#### GIVEN INFORMATION:
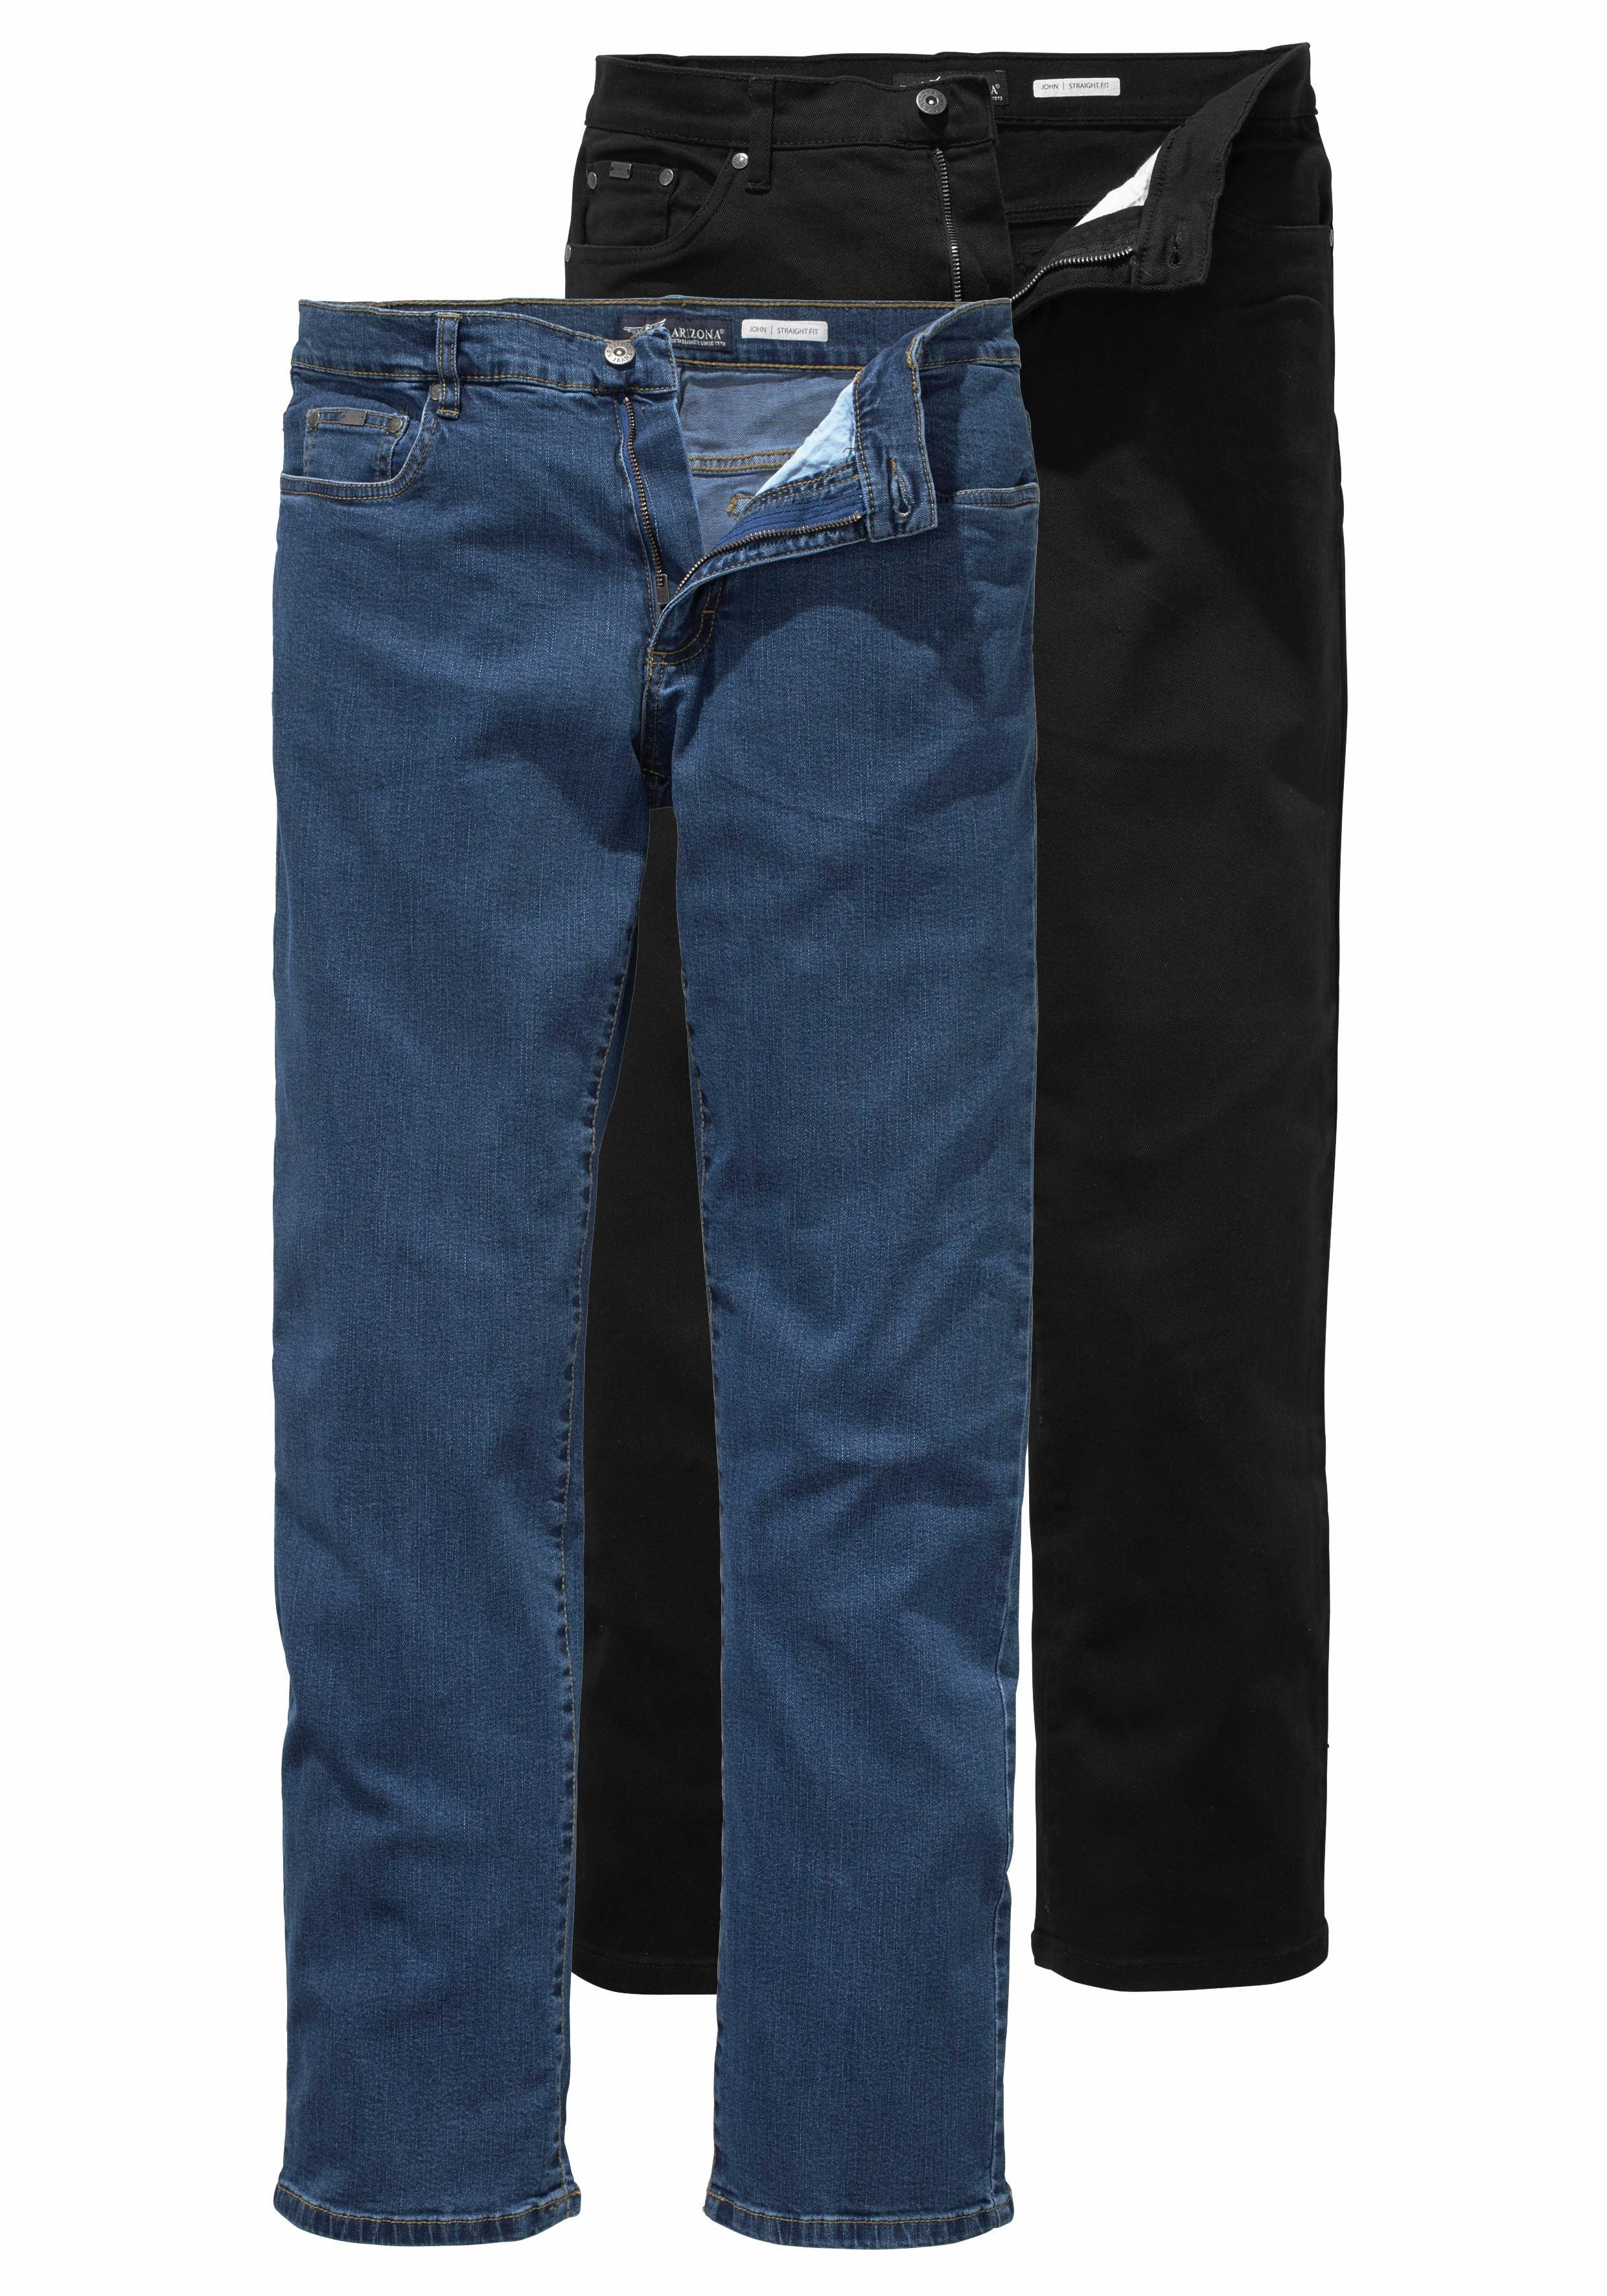 Arizona stretch jeans John Straight fit (set, 2-delig) voordelig en veilig online kopen
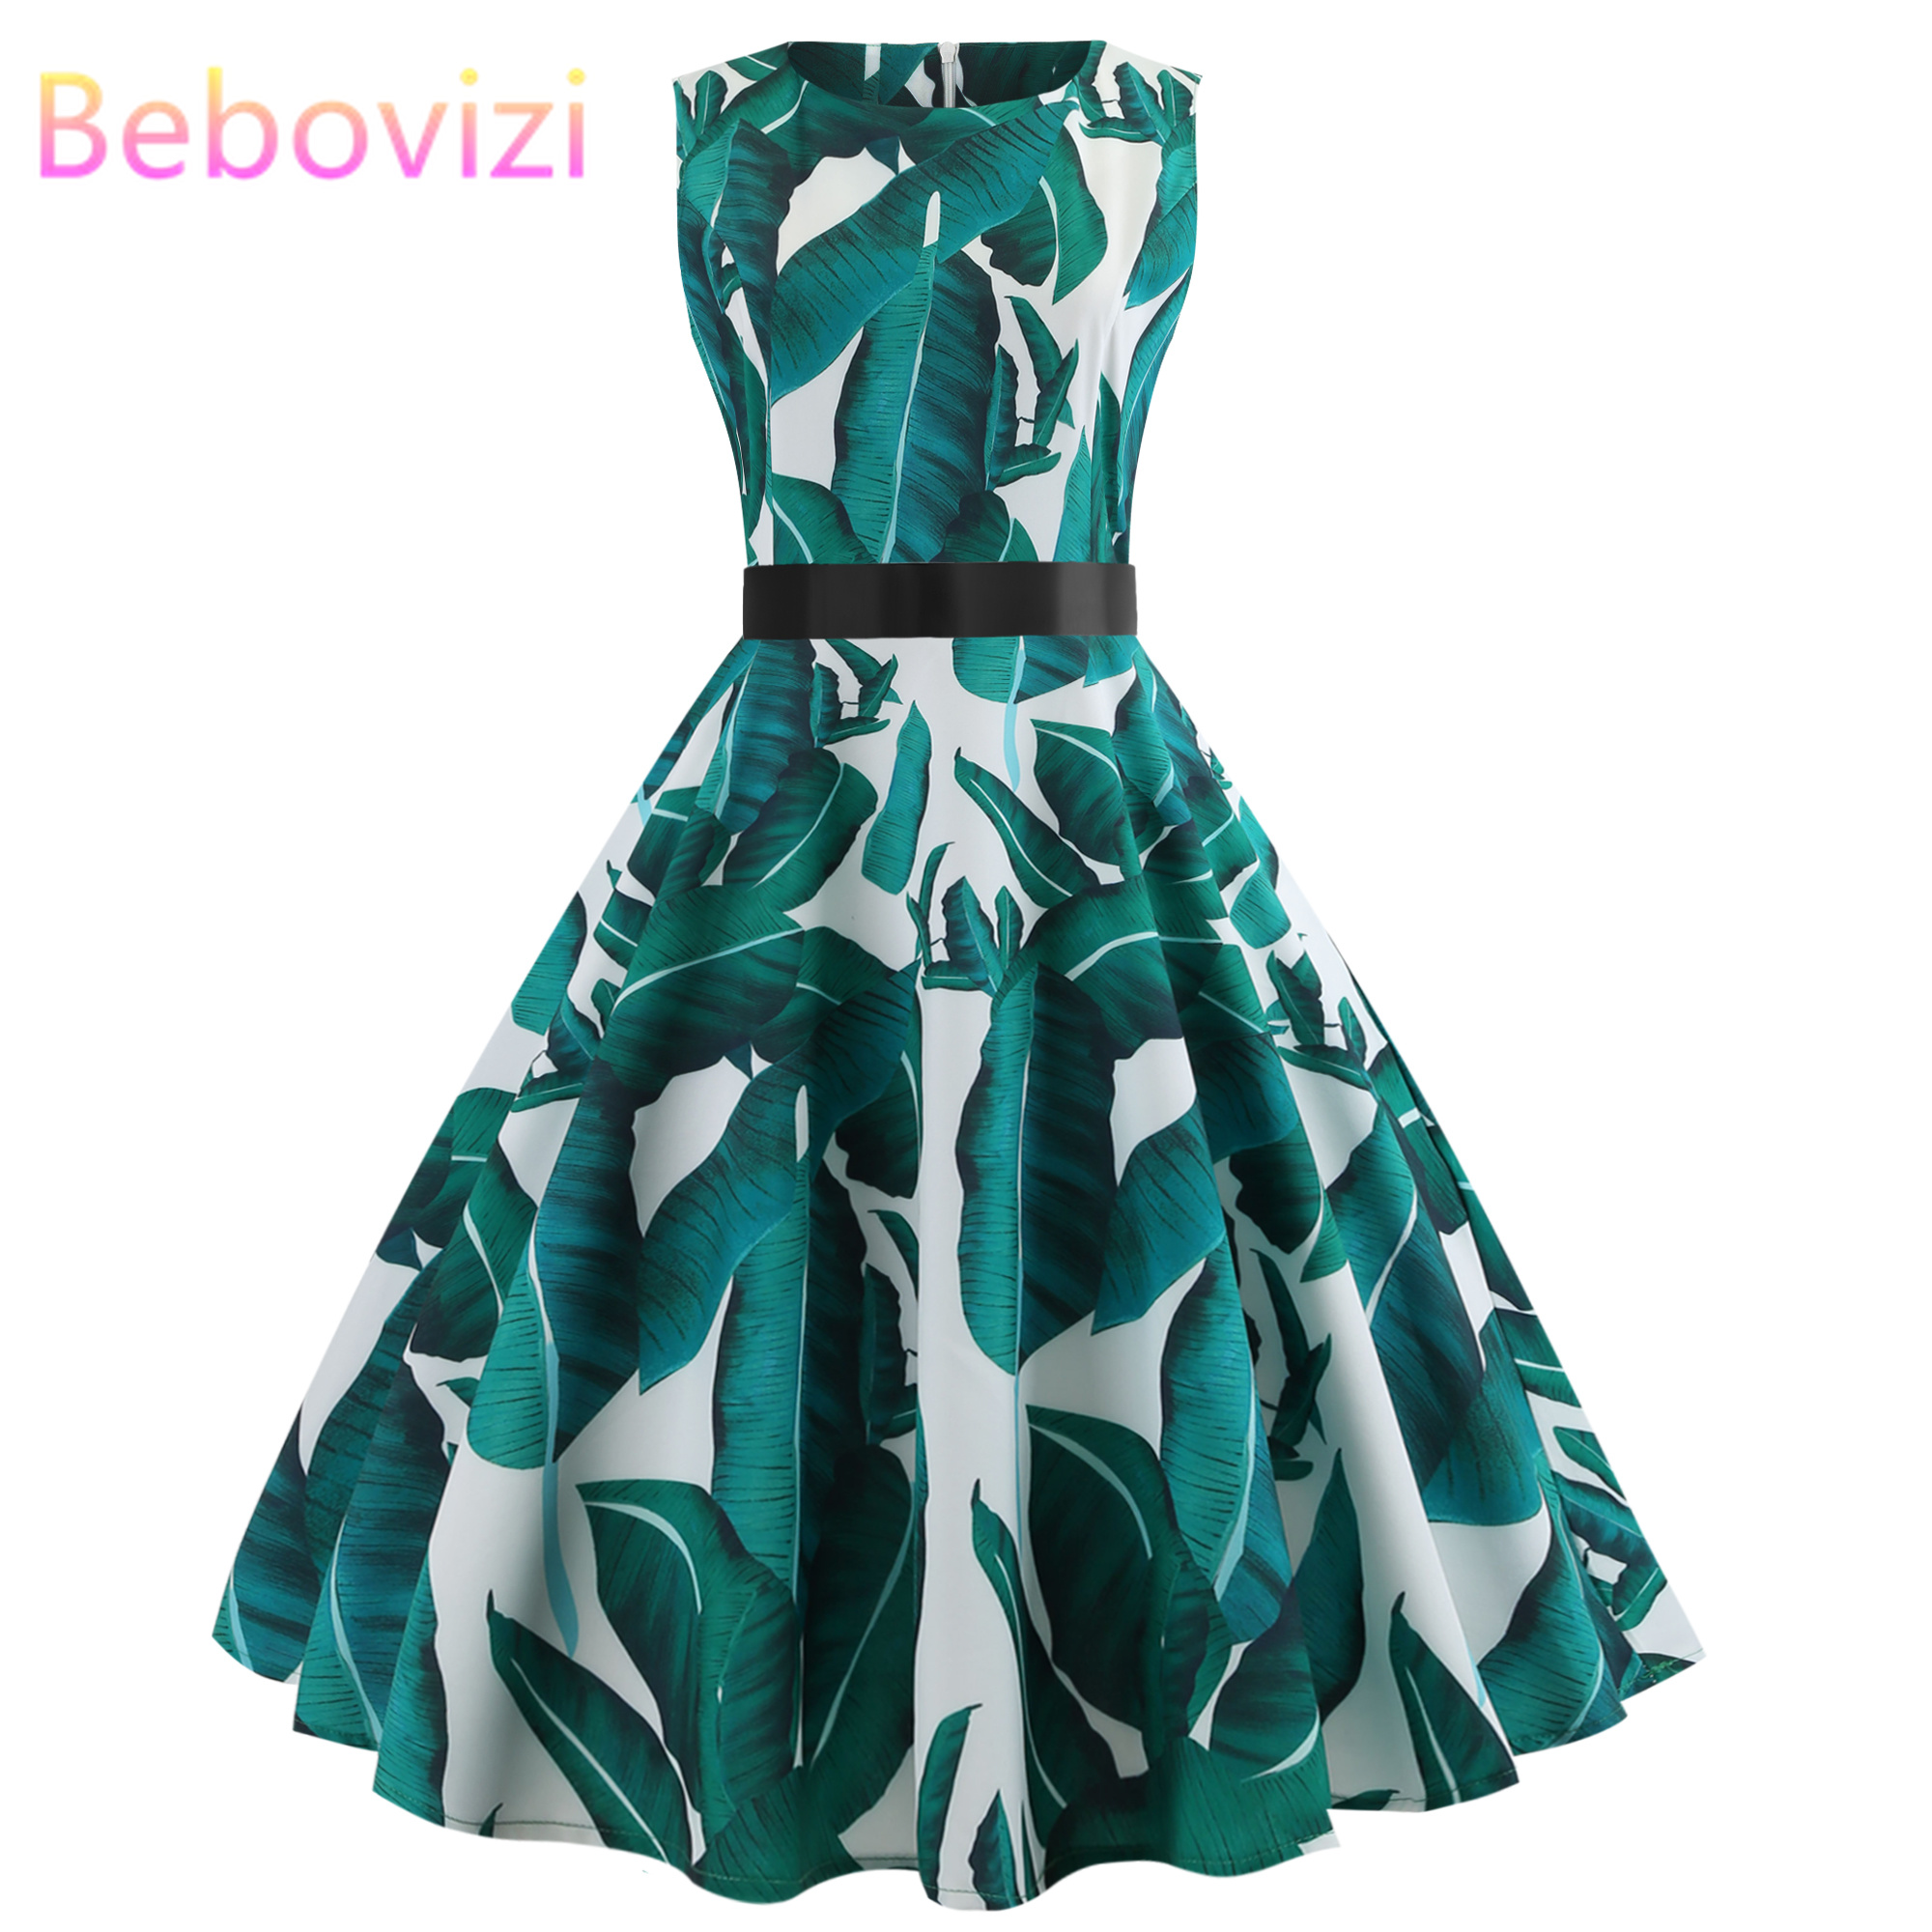 Bebovizi Fashion 2019 Summer Women Hepburn 50s Vintage Floral Print Sleeveless Retro Swing Casual Elegant Party Bandage Dress
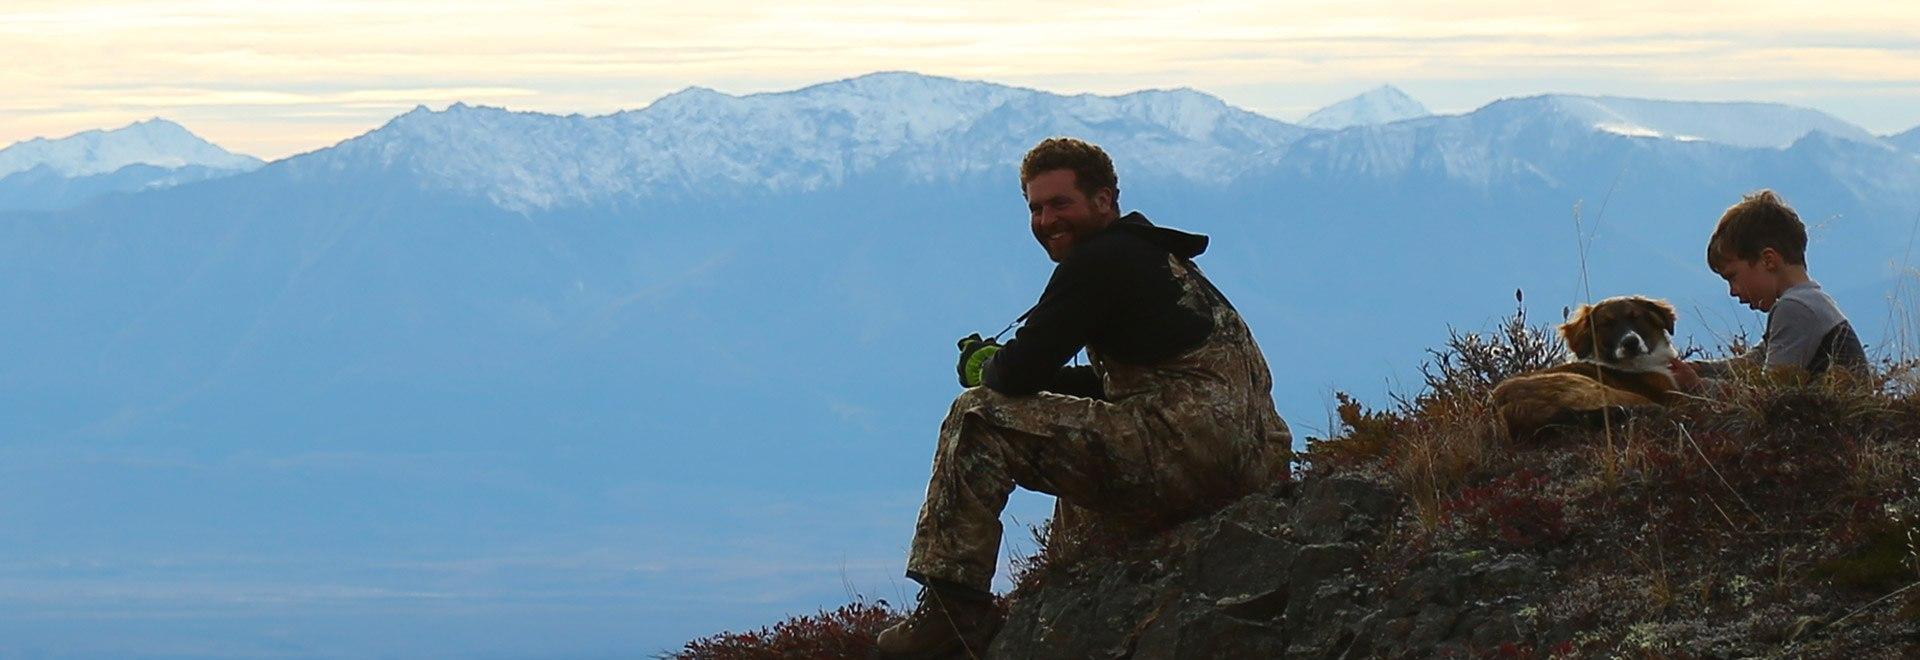 Alaska: i nuovi pionieri

#### EXERCISE AIM:
Extract exactly the lines above from the line containing "Bebovizi Fashion 2019" through the last one, both ends included, but not the pictures.

#### WRITTEN SOLUTION:
 Bebovizi Fashion 2019 Summer Women Hepburn 50s Vintage Floral Print Sleeveless Retro Swing Casual Elegant Party Bandage Dress
 Alaska: i nuovi pionieri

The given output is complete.